▶ _Extracted information_
---+---

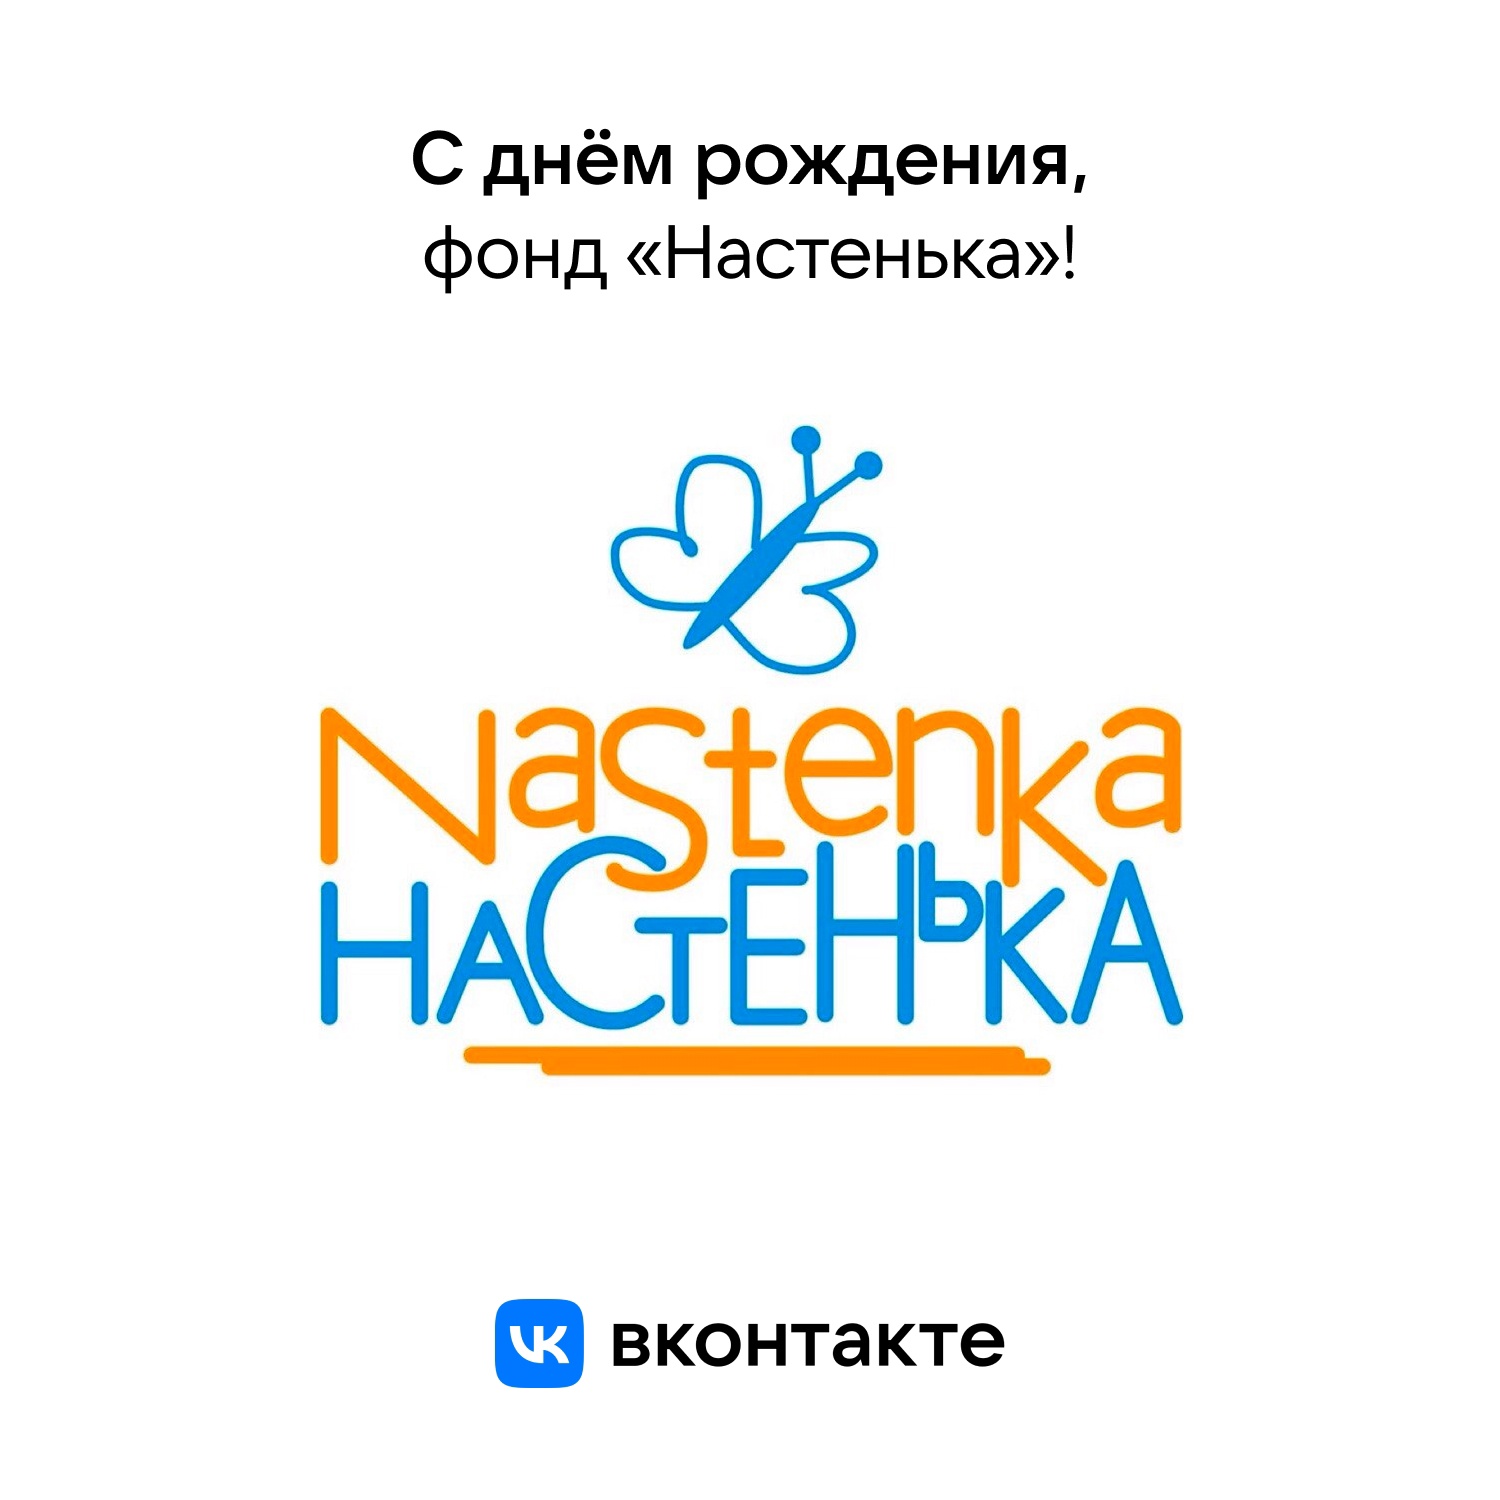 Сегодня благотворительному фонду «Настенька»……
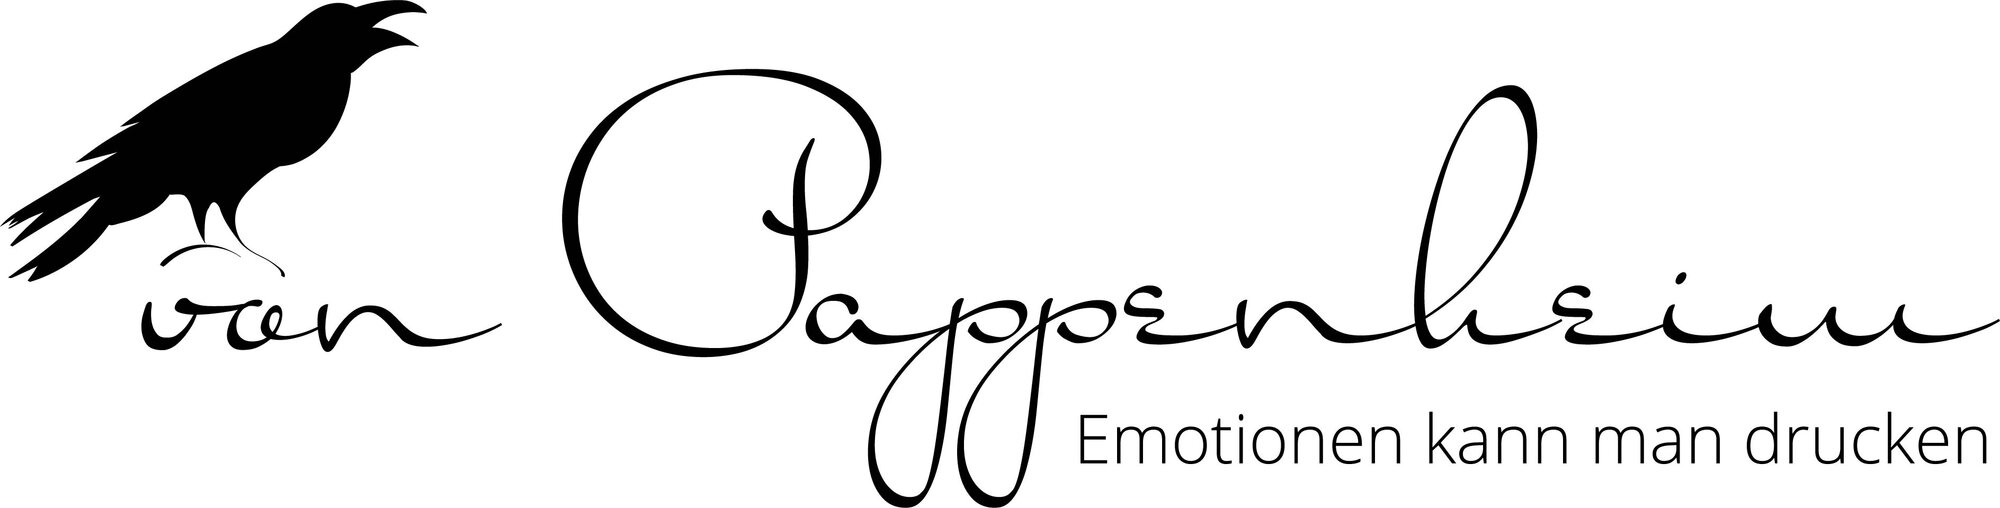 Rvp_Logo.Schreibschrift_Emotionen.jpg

---+---

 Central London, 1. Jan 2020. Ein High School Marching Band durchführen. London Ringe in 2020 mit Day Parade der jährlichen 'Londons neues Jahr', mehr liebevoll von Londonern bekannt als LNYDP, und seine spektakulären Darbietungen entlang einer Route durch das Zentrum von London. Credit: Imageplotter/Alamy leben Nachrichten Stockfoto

---+---

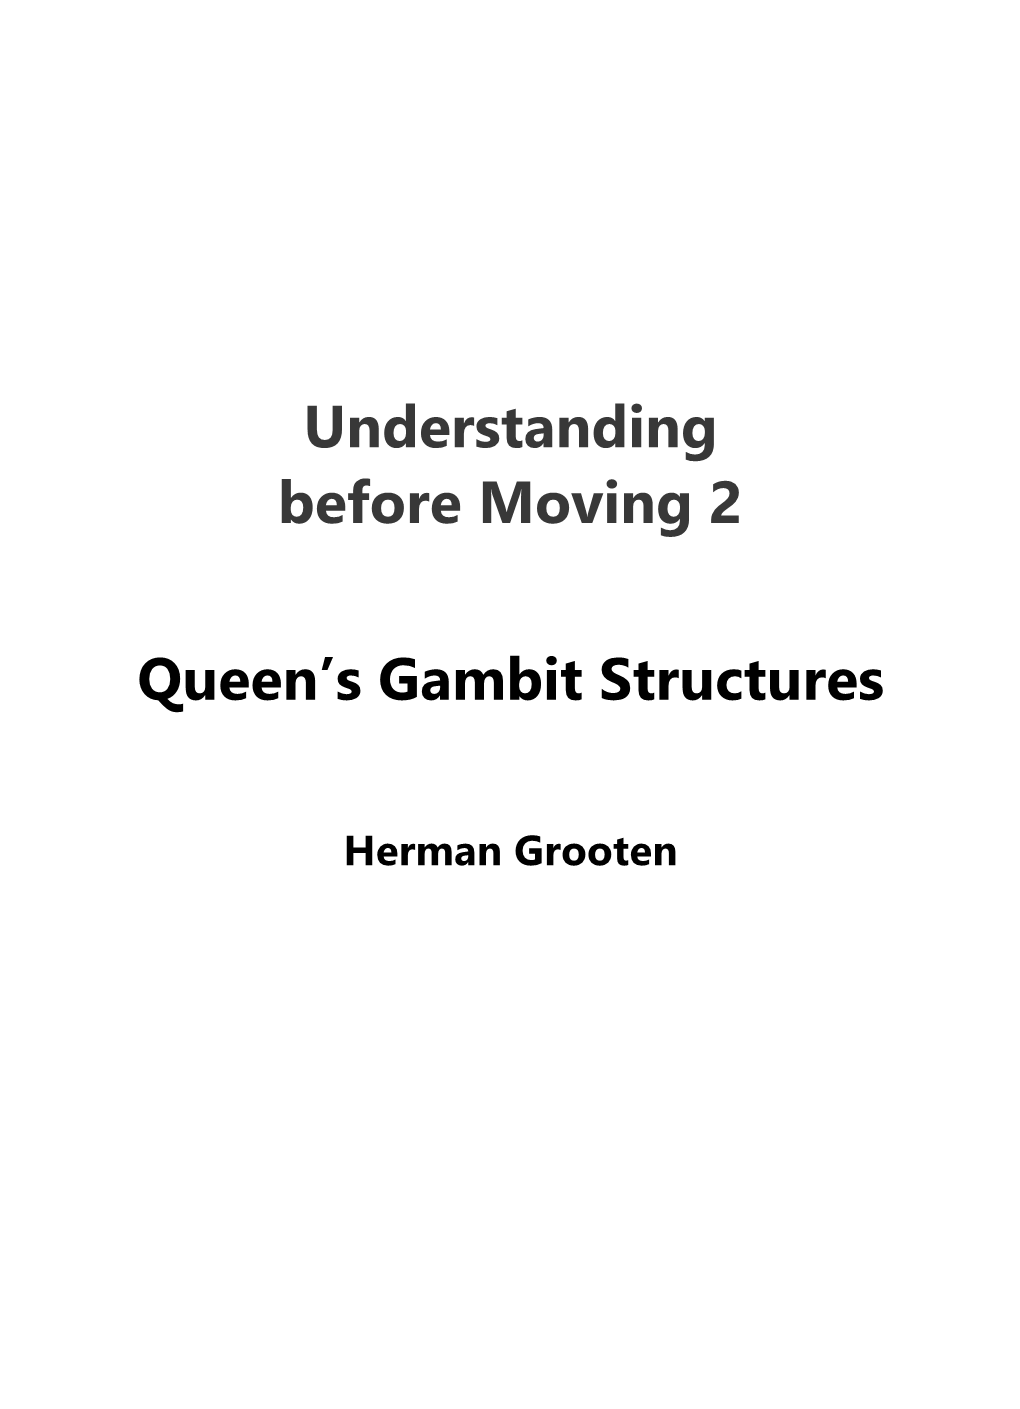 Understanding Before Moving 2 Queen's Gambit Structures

---+---

▶ _Your assignment_
In the records above, find the line with "Сегодня благотворительному фонду" and the line with "Rvp_Logo.Schreibschrift_Emotionen.jpg". Write out exactly those lines and every one between, with no pictures and no other lines.

▶ _Written solution_
 Сегодня благотворительному фонду «Настенька»……
 Rvp_Logo.Schreibschrift_Emotionen.jpg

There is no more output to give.